I have a rule: I do not write commit messages anymore.

Not because I am lazy — because Claude Code does it better. Here is the exact command I use.

The problem with manual commit messages

Every commit message I write from memory is one of these:

  • "fix stuff"
  • "update"
  • "wip"
  • "asdfgh" (yes, really)

This is fine until you need to understand what changed 3 months ago. Then it is useless.

The command

Create a file at .claude/commands/git-commit.md with this content:

Look at the currently staged changes with `git diff --cached`. Write a conventional commit message following this exact format: `type(scope): description`. Types: feat, fix, docs, style, refactor, test, chore. Keep the subject line under 72 characters.

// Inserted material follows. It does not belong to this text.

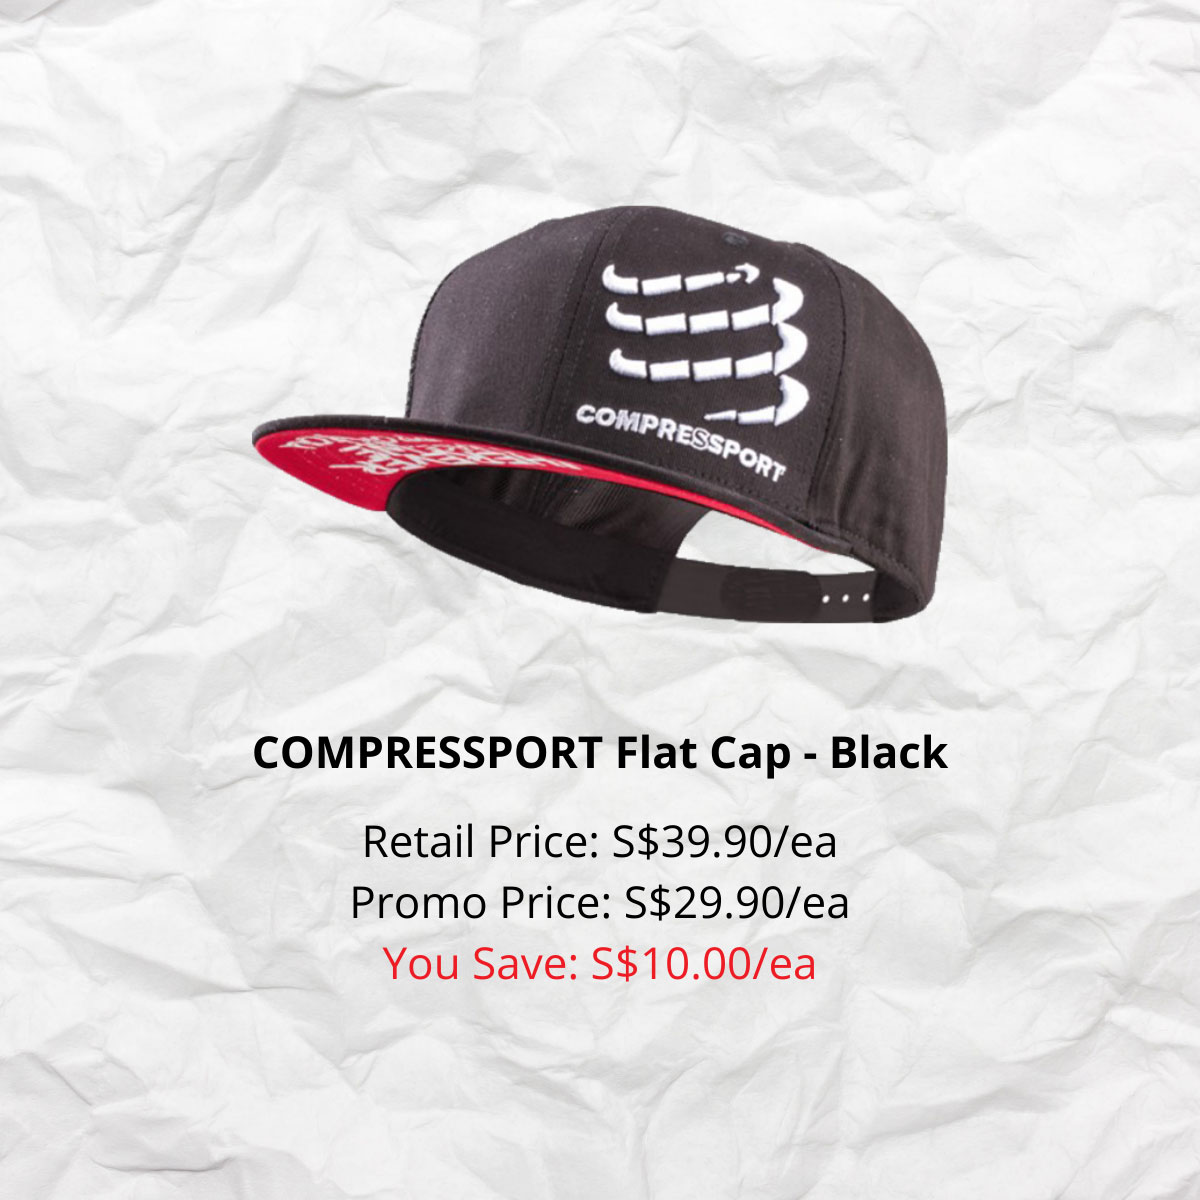 COMPRESSPORT Flat Cap - Black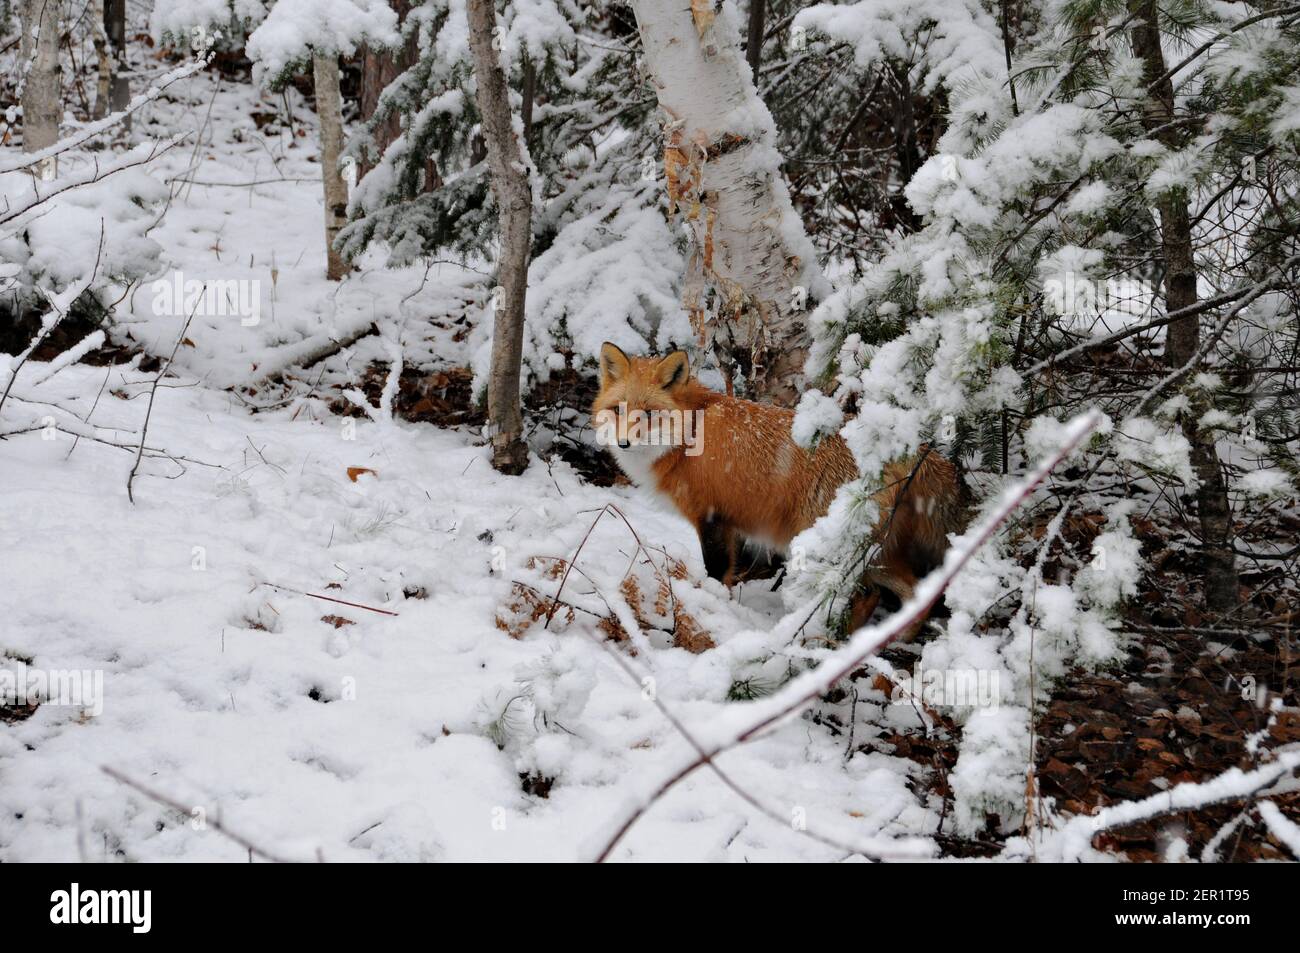 Vista ravvicinata del profilo della volpe rossa nella stagione invernale con sfondo di alberi di betulla nel suo ambiente e habitat. Immagine FOX. Immagine. Verticale. Foto Stock

If the change is non-obvious, add a body that explains the WHY, not the WHAT. The diff already shows the what. Output only the commit message — no preamble, no explanation.

Now type /git-commit in any Claude Code session. It reads your actual staged diff and writes a commit message specific to what you changed.

Real example

I staged changes to a React component that added keyboard navigation to a dropdown. Claude wrote:

feat(dropdown): add keyboard navigation support

Arrow keys now cycle through options. Enter selects. Escape closes.
Maintains focus within the component for accessibility compliance.

Without the command, I would have written add keyboard nav. The diff context is what makes it specific.

Why this works

Claude Code has access to your actual diff. It is not guessing what you changed — it is reading it. The command is just a constrained prompt that tells it what format to output.

How to install any slash command

  1. Create .claude/commands/ in your project root (or ~/.claude/commands/ for a global command)
  2. Create a .md file with your command name (e.g., git-commit.md)
  3. Put the prompt as the file content
  4. Run /git-commit in a Claude Code session

That is it. The command has full access to your project context — your files, your git history, your shell.


I have 74 more of these across git, testing, debugging, refactoring, deployment, and security. If there is a specific workflow you want a command for, drop it in the comments.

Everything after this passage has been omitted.